The King in Yellow
By Robert W. Chambers
Published in 1895
Thibault’s Score: 2/5
The King in Yellow is a collection of short stories written in the late 19th century by American author Robert Chambers.
I bought the book for three reasons. First, it was a favorite of HP Lovecraft, who is an author who influenced me. Second, I physically liked the book (it's beautifully printed, pictured is my copy). Finally, I wanted to have some short stories that I could quietly read (not audiobook) while my daughter sleeps.
I was hoping for some Lovecraftian cosmic horror. Instead, I got some mediocre sappy 19th century romantic fiction mixed in with discount Edgar Allan Poe tier spooky fiction. Because I don’t recommend it, this review will contain spoilers.

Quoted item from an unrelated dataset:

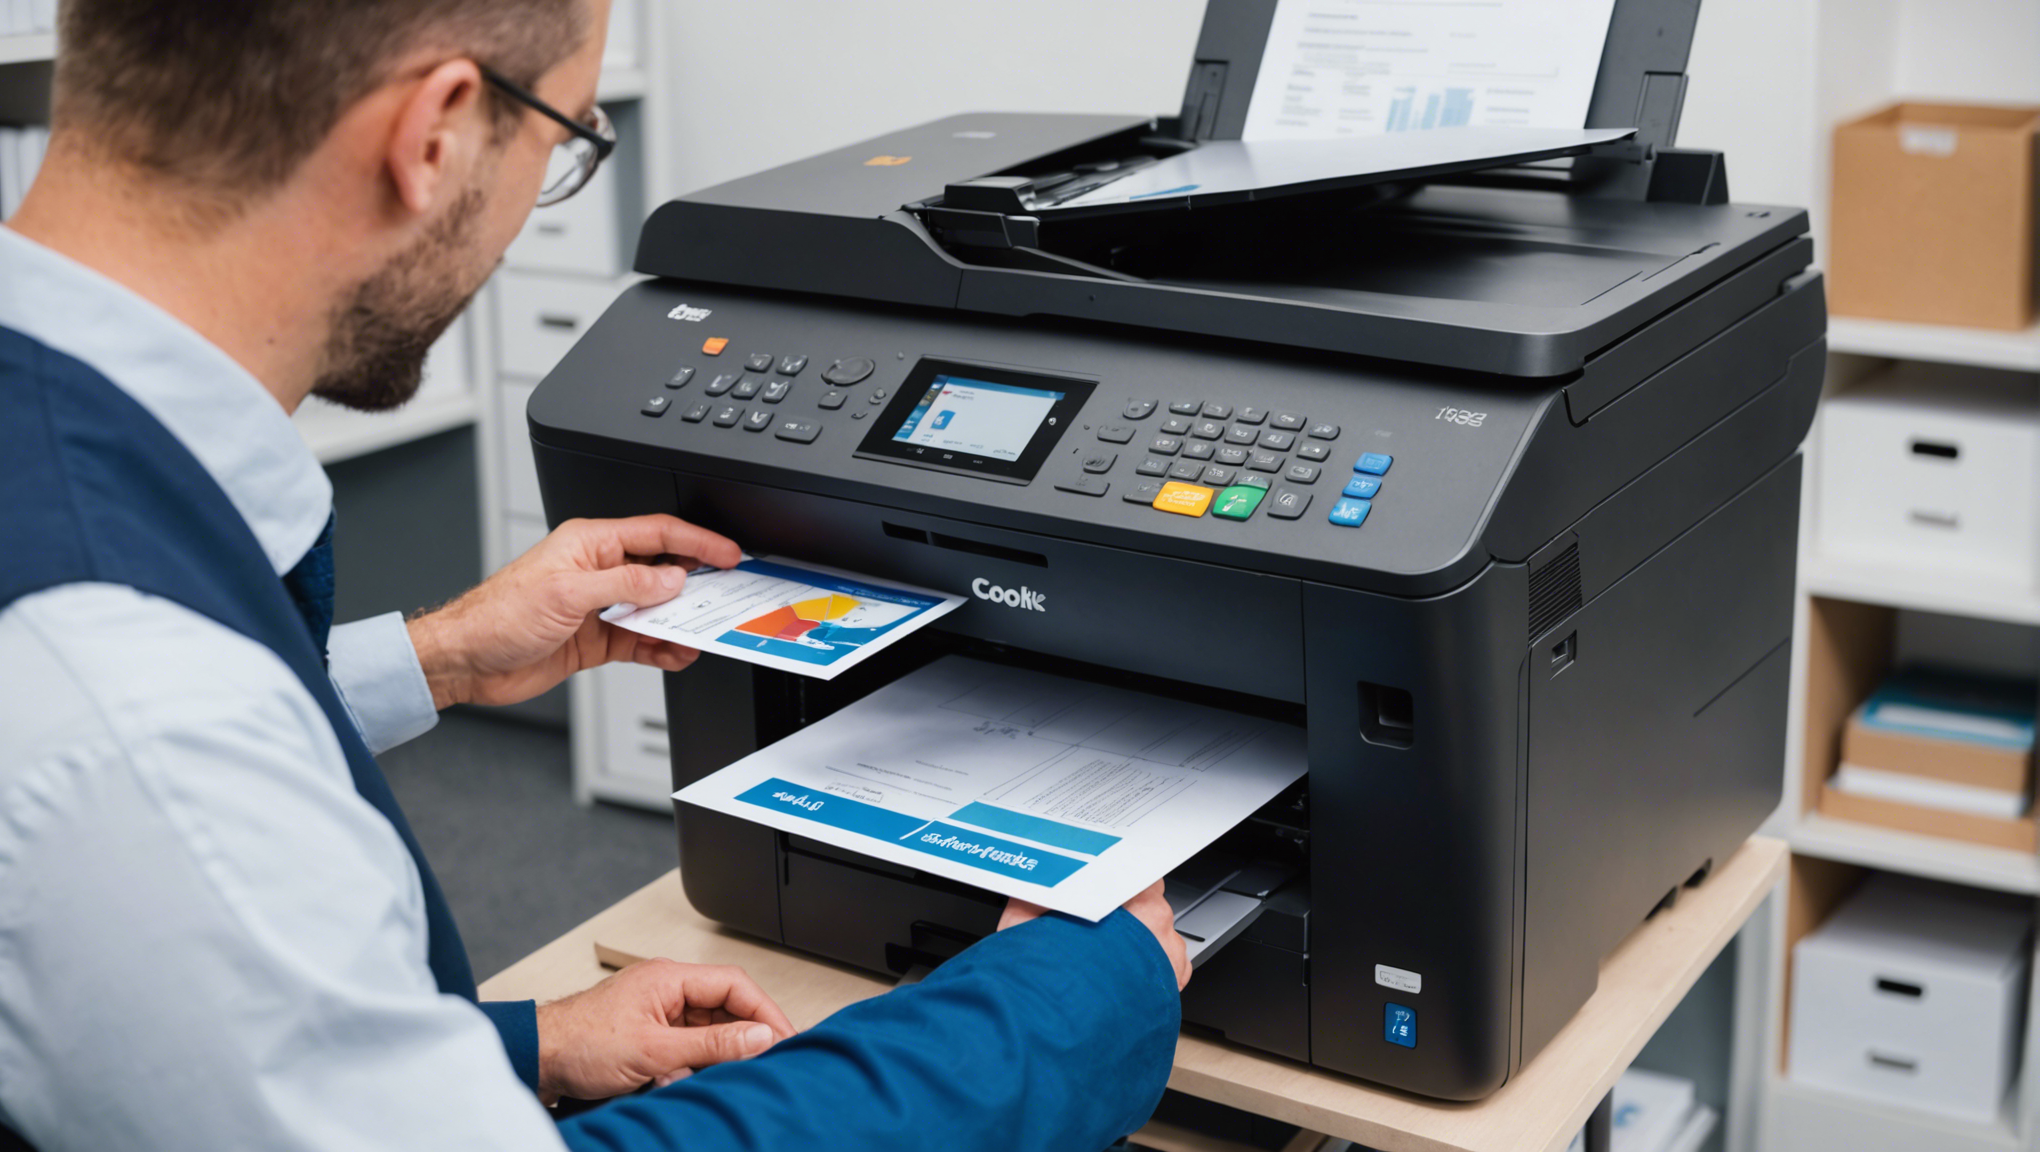 découvrez des imprimantes professionnelles abordables et profitez de services d'entretien de qualité pour votre parc d'imprimantes professionnelles.

The first story that I read, called The Repairer of Reputations, had an extremely interesting set up. It takes place in New York in 1920. Of course, because the book was written in 1895, it isn’t our 1920 - its 1920 as it was imagined by an American upper-class elite author from 1895. The story correctly predicts WW1, the militarization of America, the exclusion of Jews from immigrating to the US, and the redevelopment of New York city. It also makes some seemingly absurd predictions such as the creation of an independent negro state in Louisiana. I got a great dystopian vibes from it. However, the rest of the story fell flat.
I then read a mediocre soppy romance story about two sculptors who loved the same French woman, and a boring lazy story about some guy who fell asleep during mass at a church and had a nightmare.
Finally, the last story was about a painter who saw a creepy man staring at him from the window. It was a little bit more mysterious than the other three stories, and had some better Lovecraftian elements; however it still fell short.
Overall I do not recommend the King in Yellow.